Recently we traveled north to attend the memorial service of our Great MaMa. Just shy of her 96th birthday, Great MaMa left a world she could no longer see or enjoy. Her family celebrated the long and blessing-filled life of a strong-willed woman, a rather typical trait, I think, of her generation of women who lived and raised families through simple times of little money and hard work. Great MaMa was very close to her youngest daughter, my step-mom, and our family is fortunate that this daughter took the time to work with a legacy journal to capture many stories of her mother’s life. I’ve heard some of them, shaking my head at how she and her new husband spent their honeymoon traveling south through terribly hot weather to see a sister who could not come to the wedding, but just begged they visit her so she could somehow feel a connection to the celebration. They spent a few days sweltering in her tiny house, sleeping on the floor. All this instead of the (cooler!) Wisconsin Dells vacation they had planned. Now THAT is family love (and sacrifice!). I remember how my own sister and I enjoyed a quiet visit several years ago with blind and wheel-chaired Great MaMa, asking her to tell us about Great PaPa … oh, she enjoyed reminiscing about the love of her life, whom she missed dearly, and we sure learned a lot! At a time when there wasn’t much that this once proudly independent woman could do anymore, she felt valued as she contributed so much to the conversation.

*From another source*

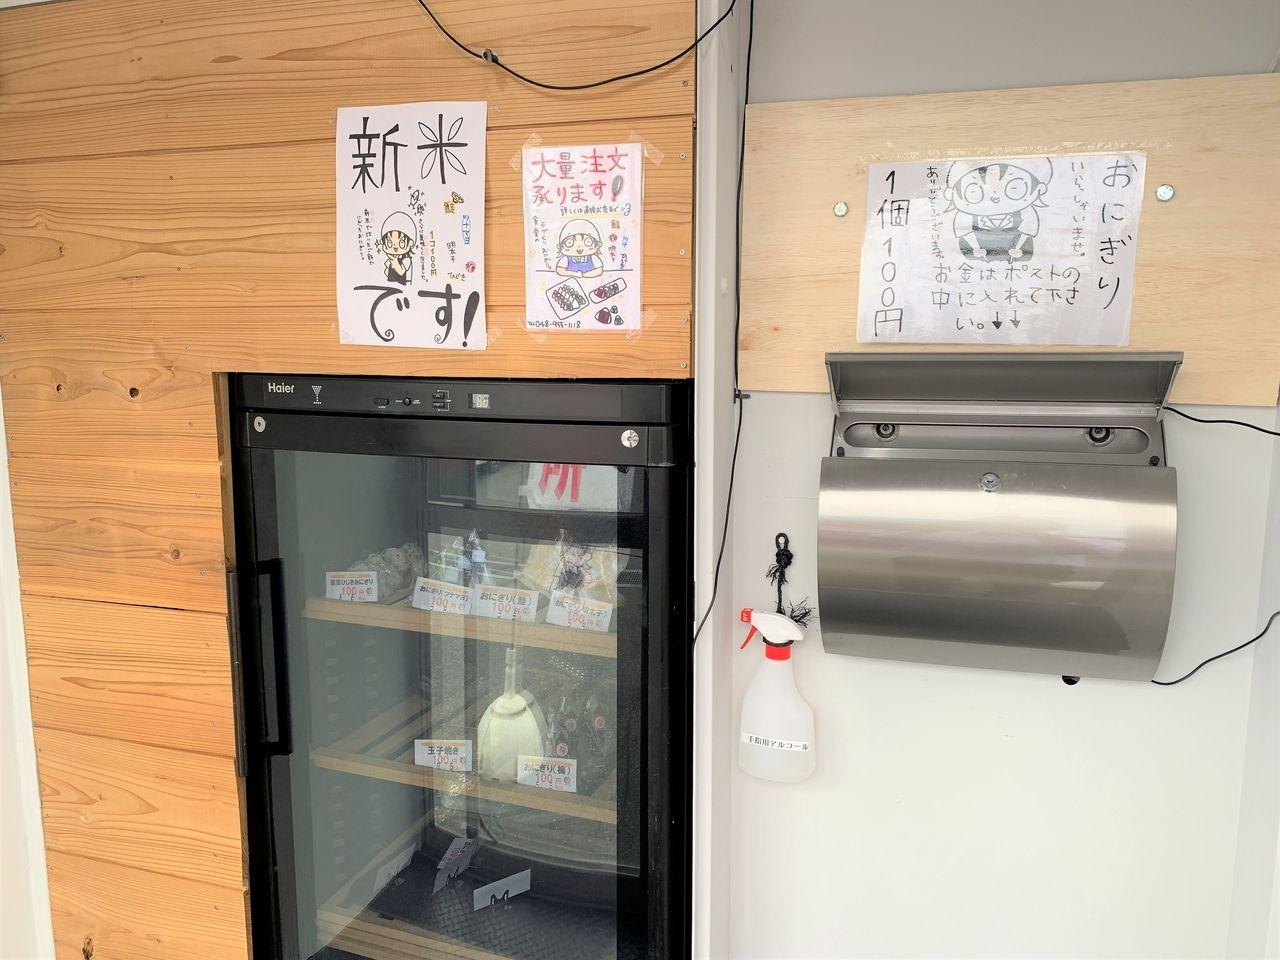 【三郷市食べ歩きブログ】三郷市鷹野3丁目の三郷たかの食堂の駐車場に出来た「無人おにぎり」販売所へ行ってきました!

Last summer, at the very end of an infrequent family gathering, my stepmom took a photo of a very frail Great MaMa, sitting in her wheelchair on the deck, surrounded by her beloved grandson and his family of four children, flowers everywhere in the background. It turned out so beautiful… such a forever treasure that almost wasn’t, had my stepmom not been thinking ahead.
Ask the questions sooner than later. Tell your own stories sooner than later. Take a lot of pictures. Give a lot of hugs. We don’t know who will live to be 96.